#### [WORK INSTRUCTIONS]
All the data that follows should be repeated exactly, without a single picture.
*** SOURCE DATA ***
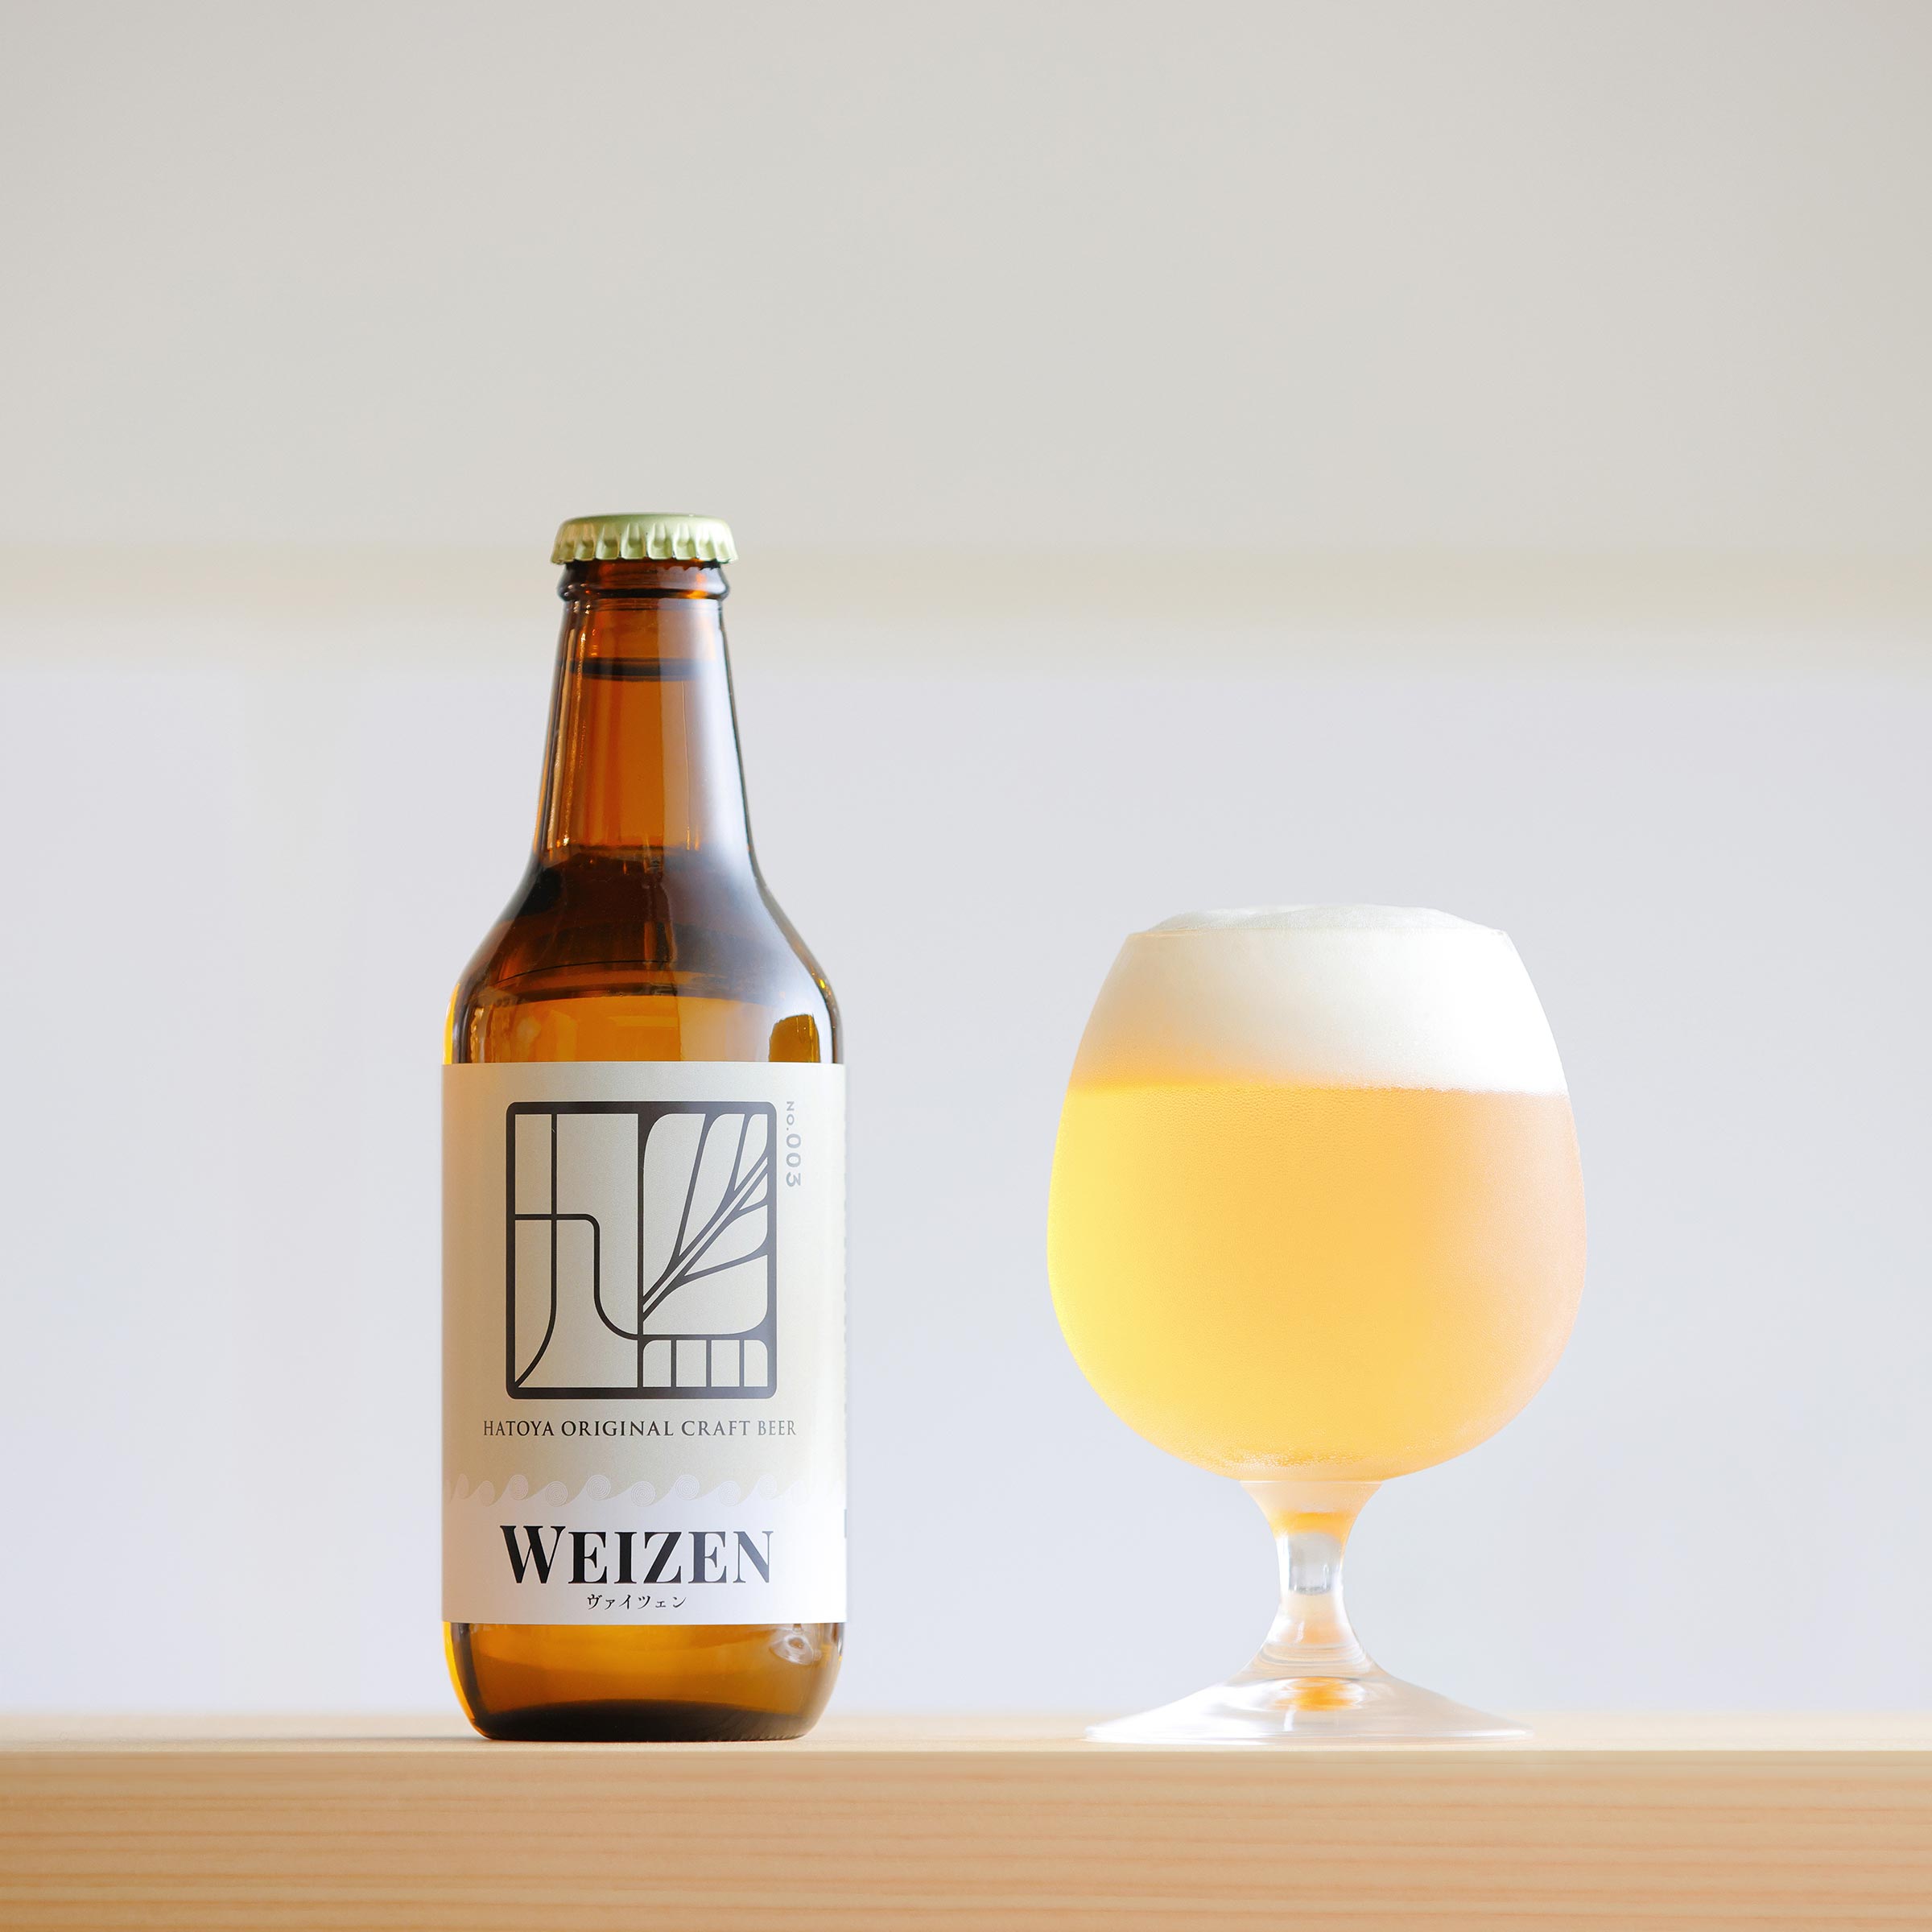 ヴァイツェンのビールボトルと、グラスに注いだビールの写真
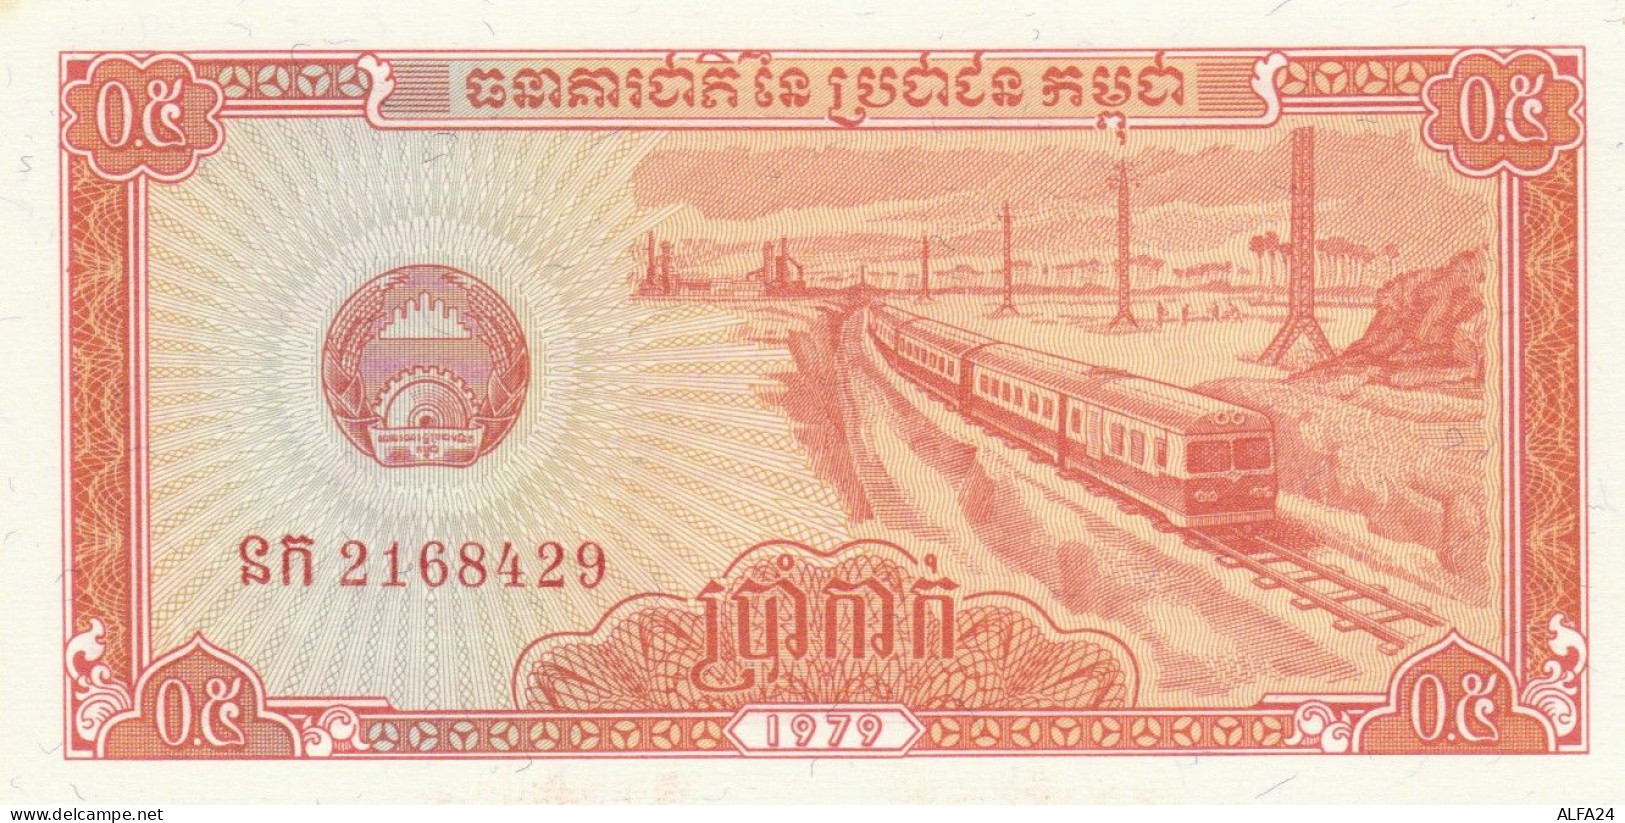 BANCONOTA CAMBOGIA UNC (MK551 - Cambogia
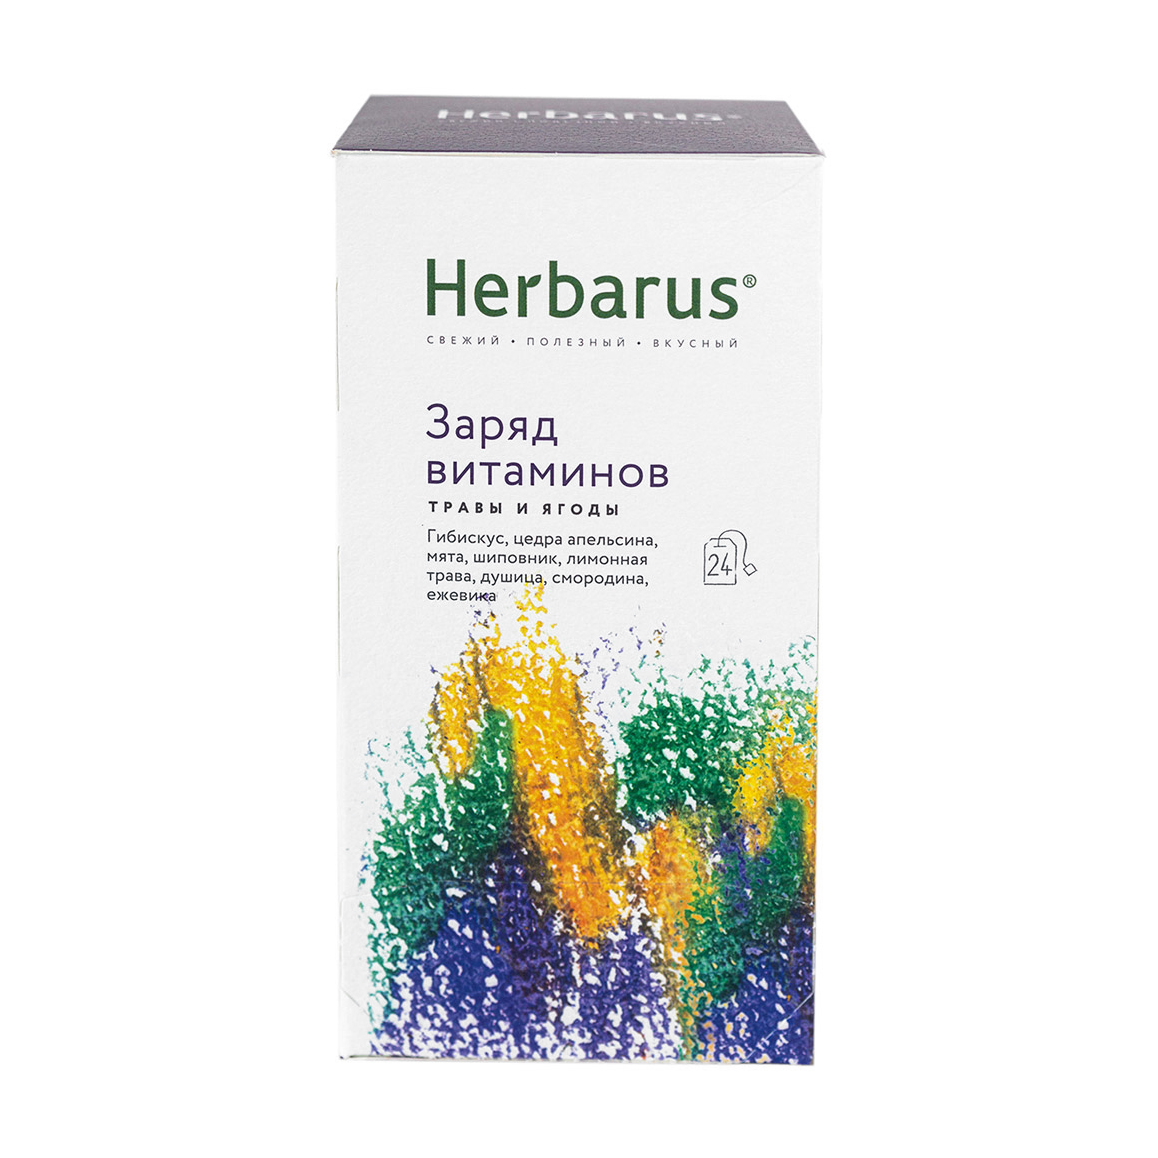 Чайный напиток Herbarus Заряд витаминов 24 пакетика напиток legend of baikal nature шиповник альпийские травы газ ж б 0 33 литра 20 шт в уп
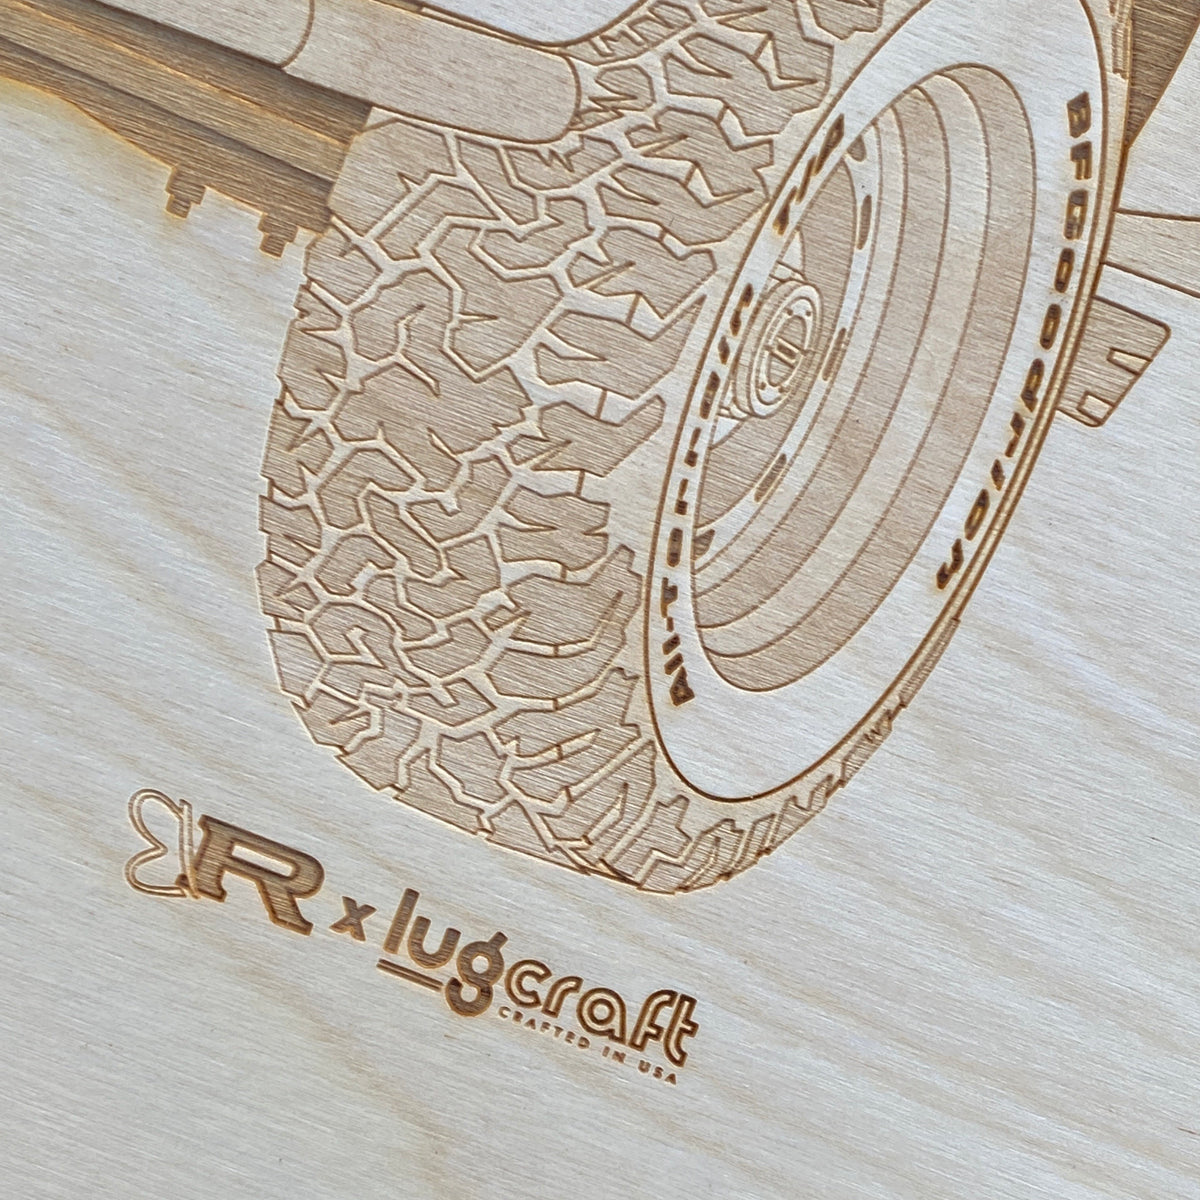 Ringbrothers SEAKER K5 Blazer Framed Wood Engraved Artwork
*** End of SOURCE DATA ***
#### [RESULT OF THE TASK]
 ヴァイツェンのビールボトルと、グラスに注いだビールの写真
 BANCONOTA CAMBOGIA UNC (MK551 - Cambogia
 Чайный напиток Herbarus Заряд витаминов 24 пакетика напиток legend of baikal nature шиповник альпийские травы газ ж б 0 33 литра 20 шт в уп
 Ringbrothers SEAKER K5 Blazer Framed Wood Engraved Artwork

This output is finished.